И Марья Васильевна впервые увидела румянец у неё на щеках.
– Преподавательница вы хорошая, – возразила Марья Васильевна, – но… прошу вас, зайдите после уроков ко мне – поговорим ещё на эту тему.
Тем временем Зина, увидев, как убежала Тамара Белокурова, поспешила за ней. Следом выскочила в коридор и Фатьма:
– Зина, куда ты?
– За Тамаркой… Куда она умчалась: наверх или в раздевалку?
– Ага, утешать! – Фатьма с возмущением отвернулась. – Как она на тебя наплевала! А ты беги скорей, утешай!..
Но Зина, не слушая Фатьму, уже бежала вниз по лестнице. Как теперь стыдно Тамаре! Как ей теперь тяжело! И как же не побыть с нею в такую минуту!

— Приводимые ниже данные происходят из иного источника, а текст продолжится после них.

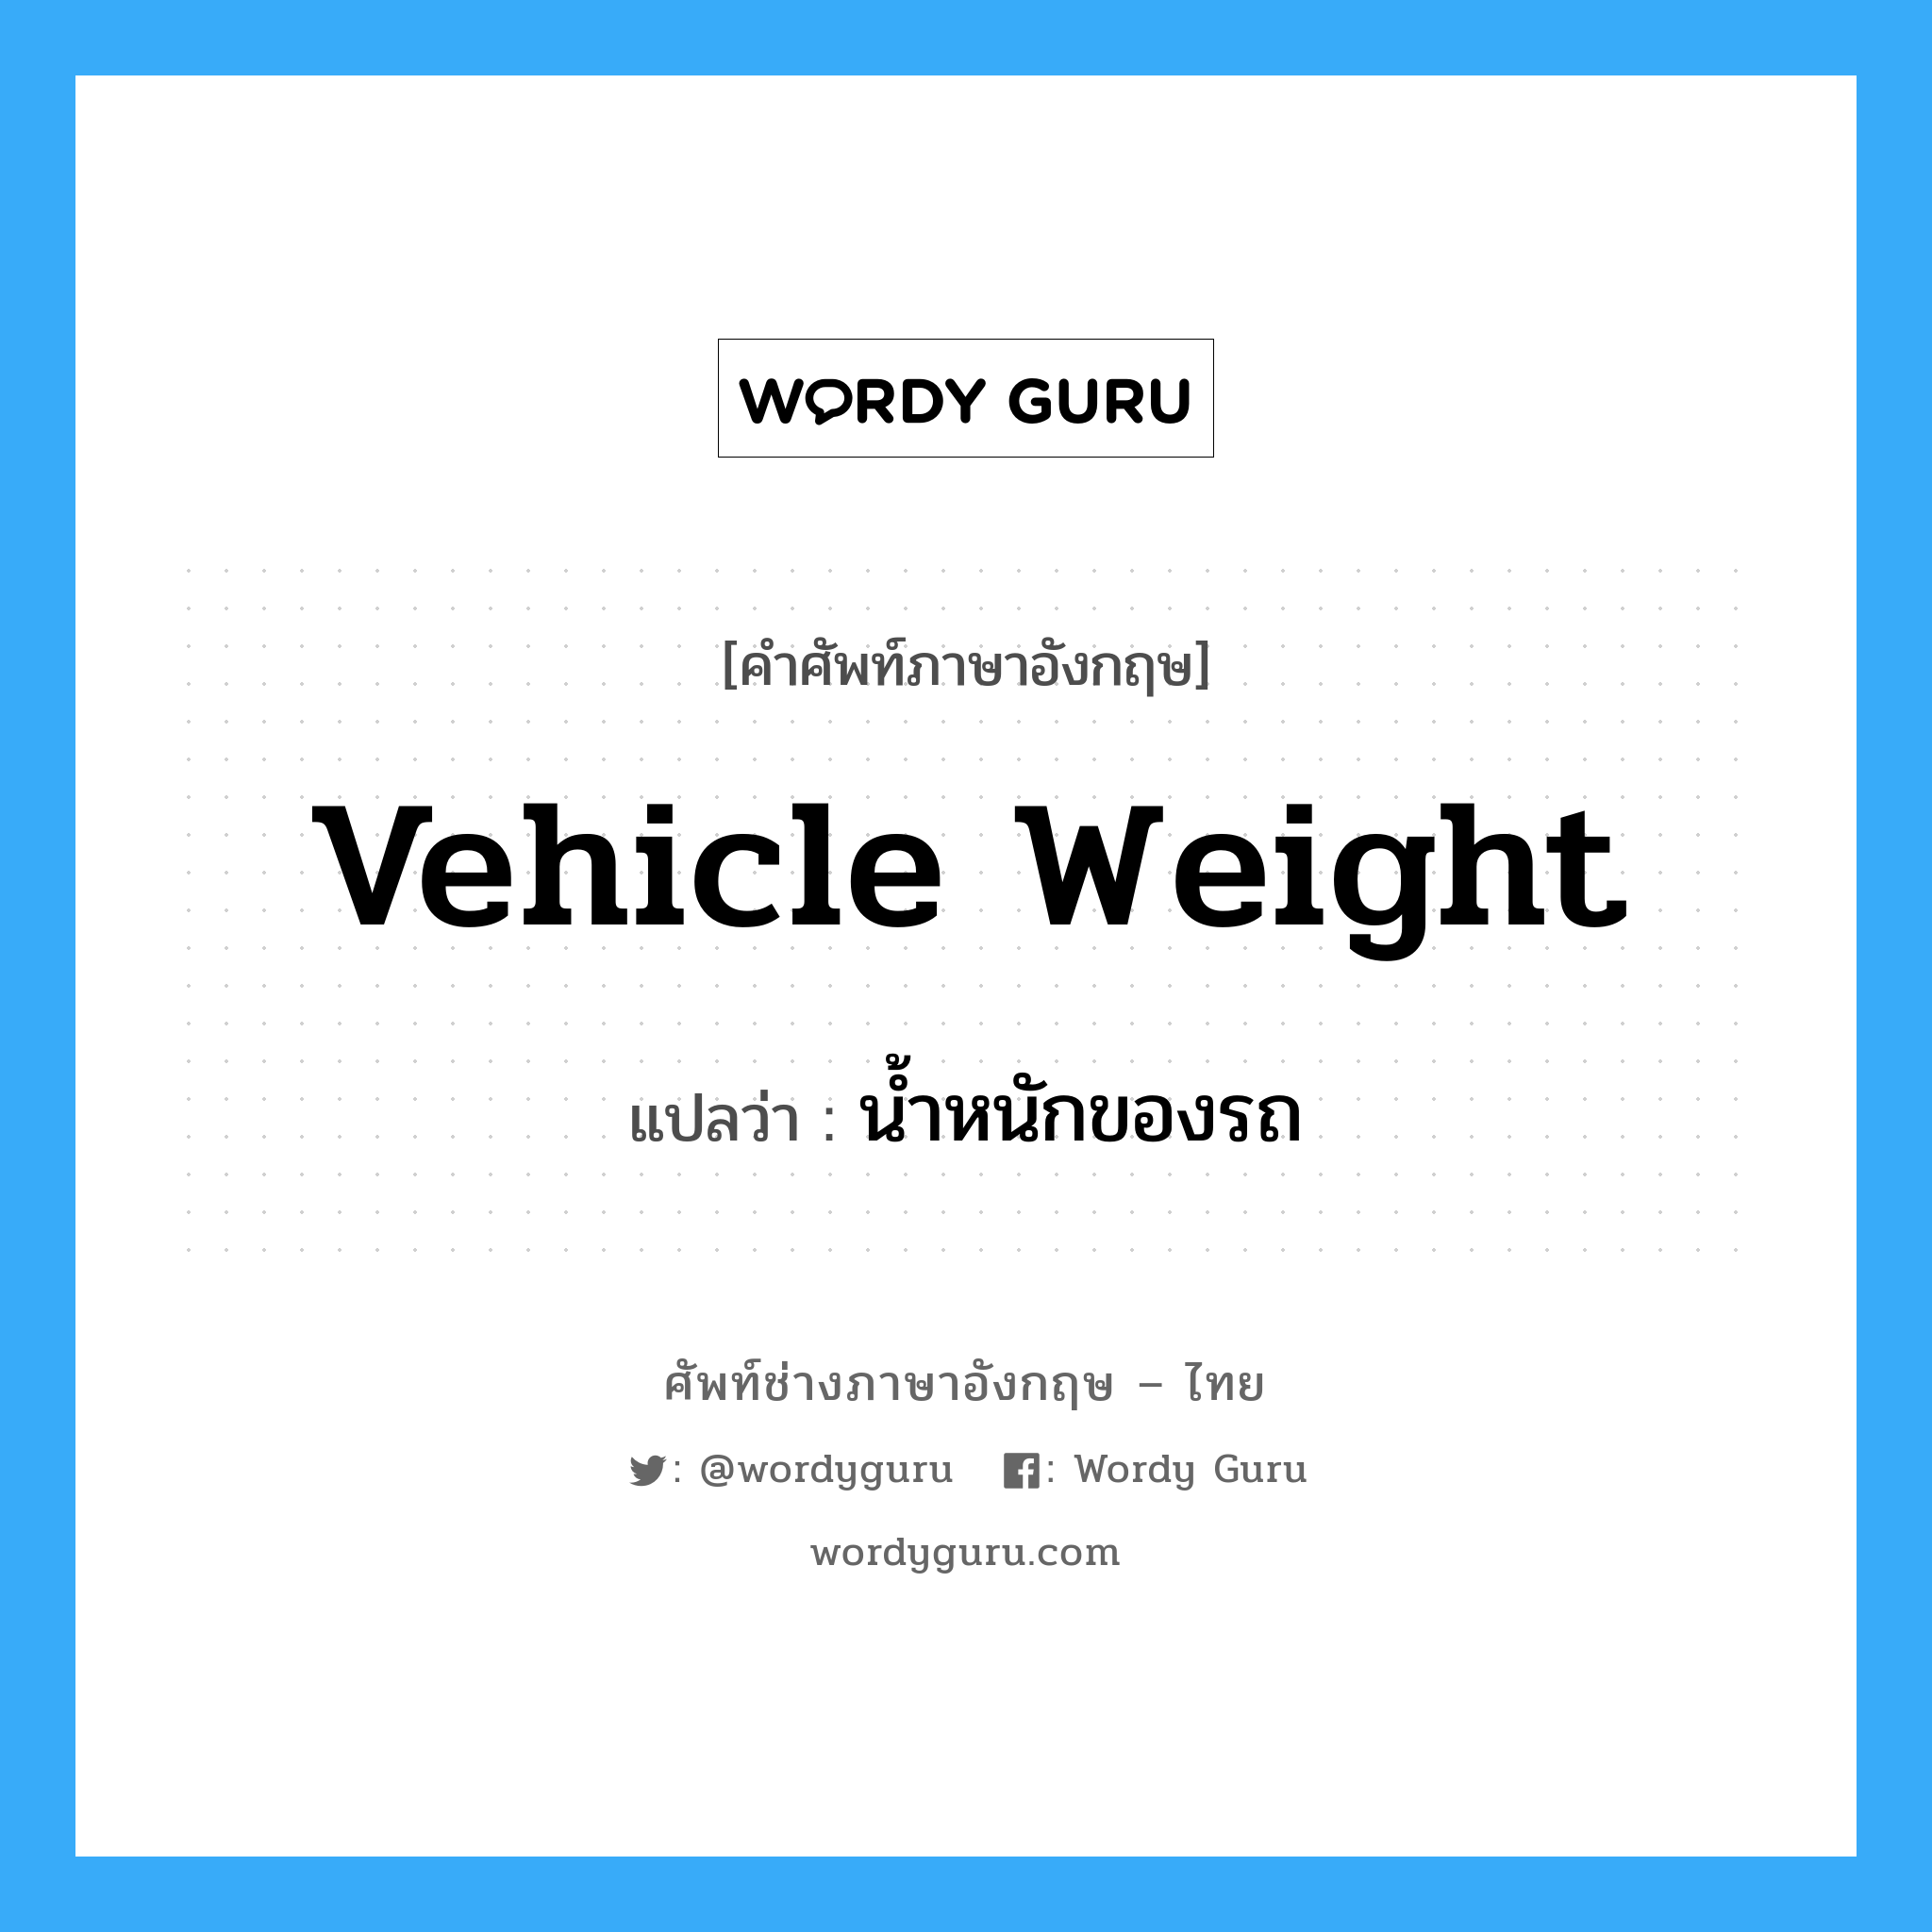 น้ำหนักของรถ ภาษาอังกฤษ?, คำศัพท์ช่างภาษาอังกฤษ - ไทย น้ำหนักของรถ คำศัพท์ภาษาอังกฤษ น้ำหนักของรถ แปลว่า vehicle weight
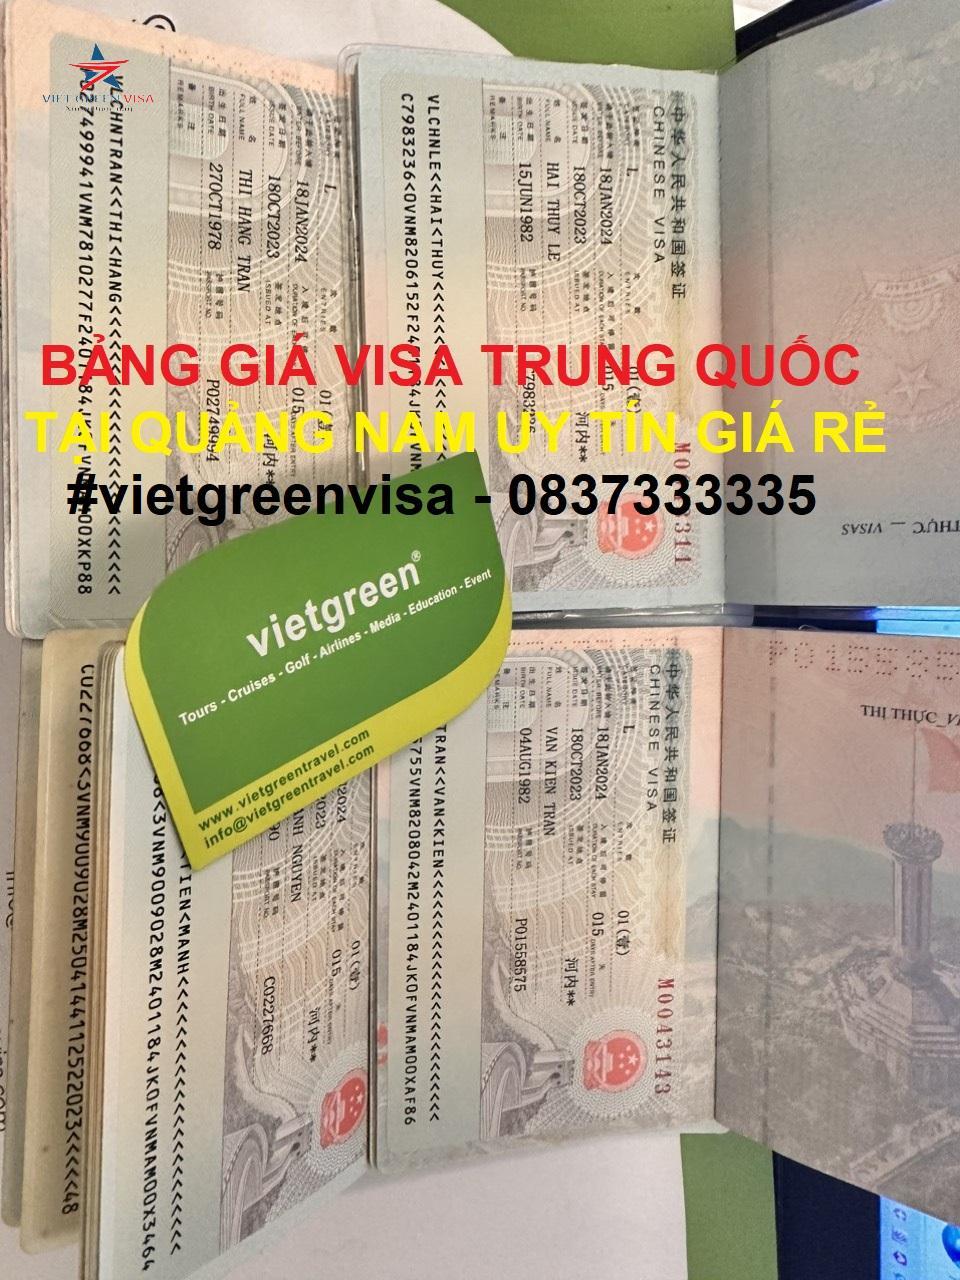 Dịch vụ xin visa Trung Quốc tại Quảng Nam chất lượng uy tín
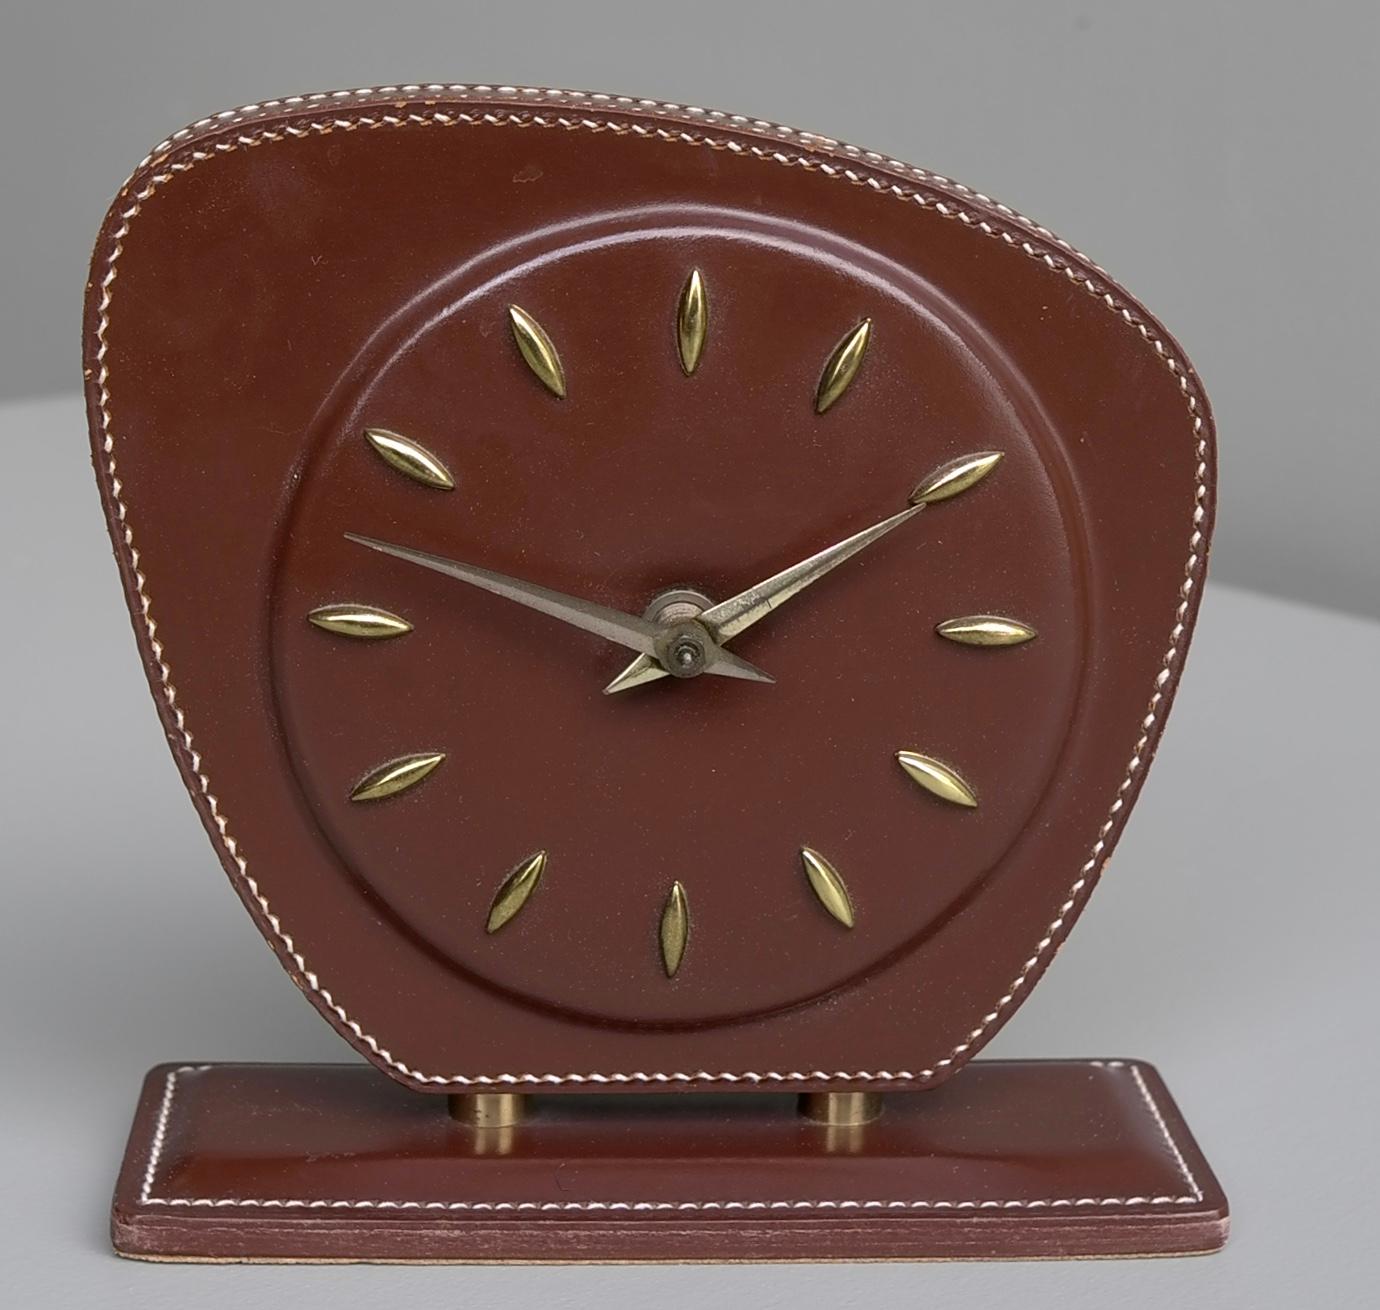 Horloge française en cuir brun cousu main, attribuée à Jacques Adnet, années 1950.
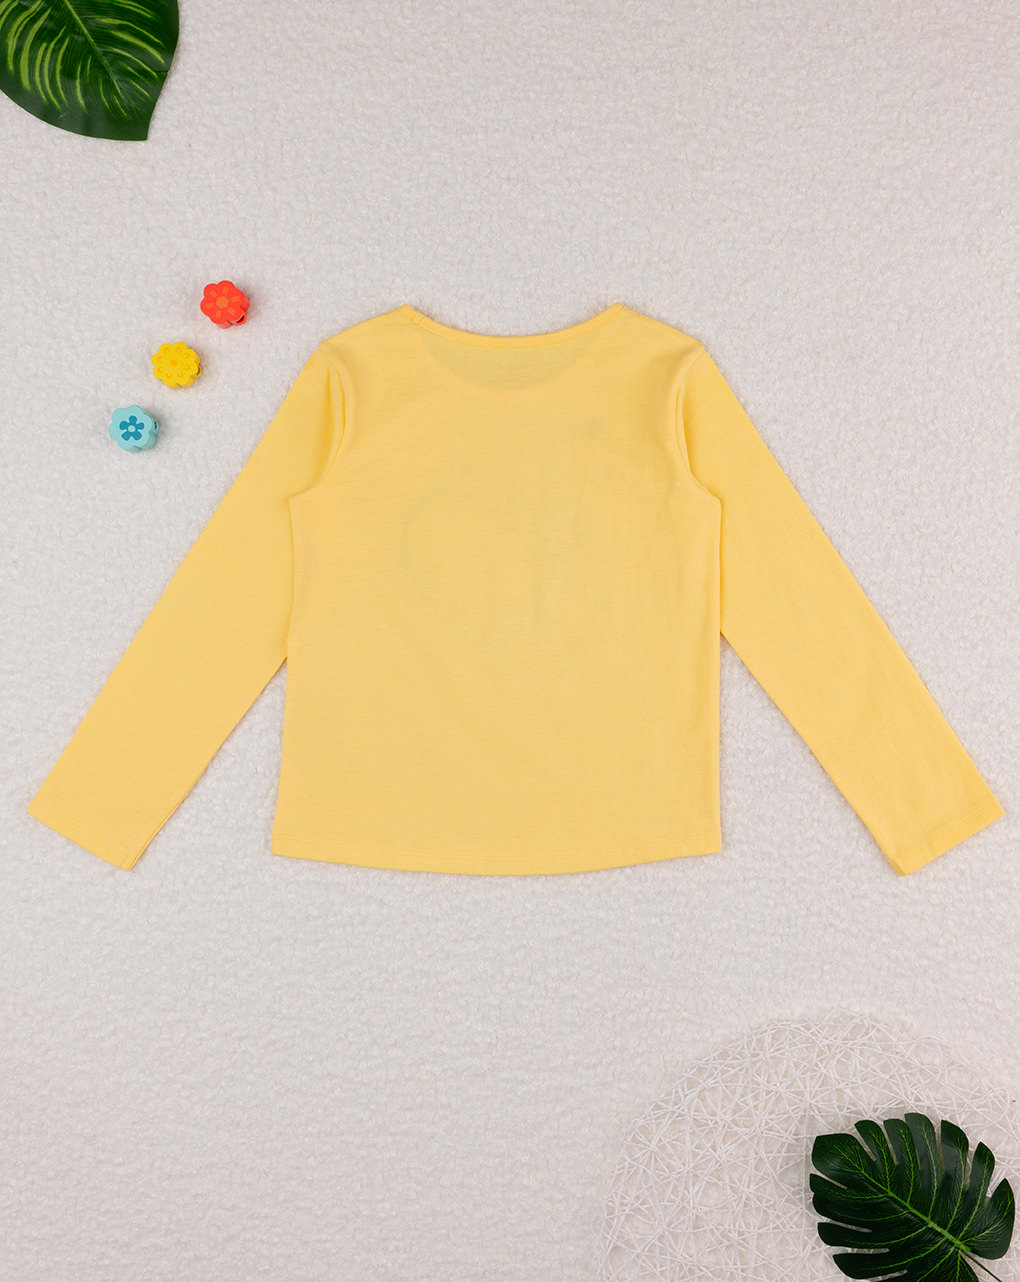 παιδική μπλούζα κίτρινη με καρδούλα για κορίτσι - Prénatal

Но Тамары уже не было в раздевалке. Тётя Саша сказала, что она схватила своё пальто и ушла.
Фатьма догнала Зину:
– Знаешь, у тебя самолюбия нет!
Зина поморщилась:
– Ну, Фатьма, ведь она провалилась! Легко, думаешь?
– Если бы не так высоко себя ставила, то и падать было бы не так низко, – возразила Фатьма. – И никакого горя тут нет, а только наука. Лучше пойдём к нам, я тебе покажу, что моя луковица вытворяет.
– Уже росток? Но ведь февраль только наступил… Неужели росток?
– Увидишь.
«А может, и правда Тамаре лучше побыть одной, – решила Зина. – Ей, может быть, теперь никого и видеть-то не хочется…»
И Зина пошла к Фатьме посмотреть, что вытворяет её луковица.
А Тамара и в самом деле хотела побыть одна. Она сидела в своей комнате, забившись в угол дивана, не зажигая света. Она никого не хотела и не могла видеть сейчас. Матери не было – она уехала в гости к Лидии Константиновне, и Тамара была рада этому. Хотелось всё продумать и понять, где и как она ошиблась.
Почему она оттеснила всех подруг от этой выставки? Потому что это было особое пионерское поручение, которое дала именно ей старшая вожатая.
Но почему же тогда она и с вожатой не посоветовалась? А потому, что тогда сказали бы, что вожатая ей помогала и что она не сама выполнила это поручение.
В комнату, напевая, вошла Ирина и зажгла свет. Она слегка вскрикнула, увидев Тамару:
– Фу, испугала! Что ж ты сидишь в темноте – двойку получила?
– Хотя бы и кол! – ответила Тамара, не глядя.